Cost-effectiveness of canagliflozin and dapagliflozin for treatment of patients with chronic kidney disease and type 2 diabetes.

机构信息

School of Pharmacy, Memorial University of Newfoundland, St. John's, Newfoundland and Labrador, Canada.

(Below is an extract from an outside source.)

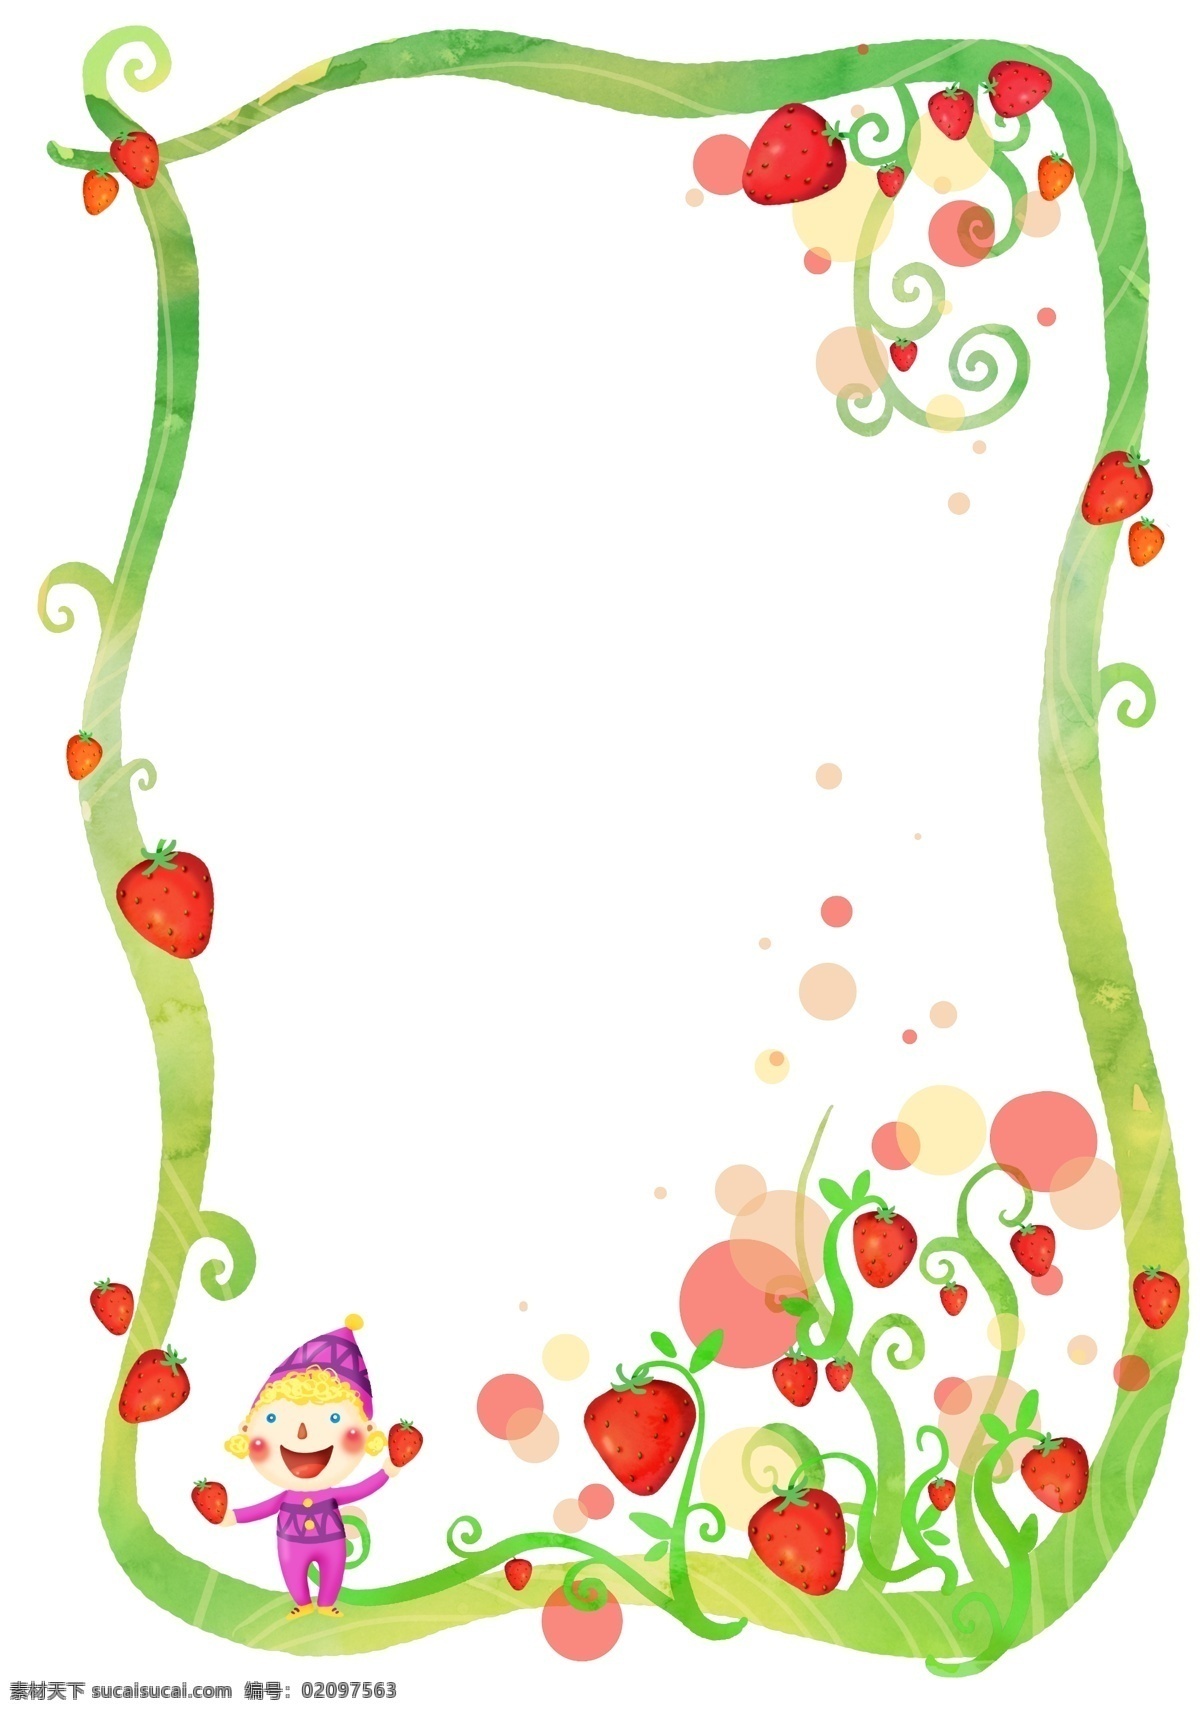 小孩 摘 草莓 花边 框 边框 绿 藤 水果 文字 圈圈 泡泡 清淡 淡粉 水彩 卡通 手绘 插画 韩国 源文件 花纹 白色

College of Pharmacy, University of Manitoba, Winnipeg, Manitoba, Canada.

出版信息

Diabetes Obes Metab. 2023 Oct;25(10):3030-3039. doi: 10.1111/dom.15201. Epub 2023 Jul 6.

Abstract

AIM

To examine the cost-effectiveness of adding canagliflozin or dapagliflozin to standard of care (SoC) versus SoC alone in patients with chronic kidney disease (CKD) and type 2 diabetes (T2D).

MATERIALS AND METHODS

We used a Markov microsimulation model to assess the cost-effectiveness of canagliflozin plus SoC (canagliflozin + SoC), dapagliflozin plus SoC (dapagliflozin + SoC) and SoC alone. Analyses were conducted from a healthcare system perspective. Costs were measured in 2021 Canadian dollars (C$), and effectiveness was measured in quality-adjusted life-years (QALYs).

RESULTS

Over a patient's lifetime, canagliflozin + SoC and dapagliflozin + SoC yielded cost savings of C$33 460 and C$26 764 and generated 1.38 and 1.44 additional QALYs compared with SoC alone, respectively. While QALY gains with dapagliflozin + SoC were higher than those with canagliflozin + SoC, this strategy was also more costly with the incremental cost-effectiveness ratio exceeding the willingness to pay threshold of C$50 000 per QALY. Dapagliflozin + SoC, however, generated cost savings and QALY gains compared with canagliflozin + SoC over shorter time horizons of 5 or 10 years.

CONCLUSIONS

Dapagliflozin + SoC was not cost-effective versus canagliflozin + SoC in patients with CKD and T2D over the lifetime horizon. However, adding canagliflozin or dapagliflozin to SoC was less costly and more effective relative to SoC alone for treatment of CKD and T2D.

摘要

目的

研究在患有慢性肾脏病(CKD)和 2 型糖尿病(T2D)的患者中,与单独标准治疗(SoC)相比,加用卡格列净或达格列净的成本效益。

材料和方法

我们使用马尔可夫微模拟模型来评估卡格列净联合 SoC(卡格列净+SoC)、达格列净联合 SoC(达格列净+SoC)和单独 SoC 的成本效益。分析从医疗保健系统的角度进行。成本以 2021 年加拿大元(C$)衡量,有效性以质量调整生命年(QALY)衡量。

结果

在患者的一生中,与单独 SoC 相比,卡格列净+SoC 和达格列净+SoC 分别节省了 33460C$和 26764C$,并产生了 1.38 和 1.44 个额外的 QALY。虽然达格列净+SoC 的 QALY 获益高于卡格列净+SoC,但该策略的成本也更高,增量成本效益比超过了每 QALY 50000C$的意愿支付阈值。然而,与卡格列净+SoC 相比,达格列净+SoC 在 5 年或 10 年的较短时间范围内具有成本效益并能增加 QALY。

结论

在患有 CKD 和 T2D 的患者中,卡格列净+SoC 在整个生命周期内都不如达格列净+SoC 具有成本效益。然而,与单独 SoC 相比,加用卡格列净或达格列净治疗 CKD 和 T2D 的成本更低,效果更好。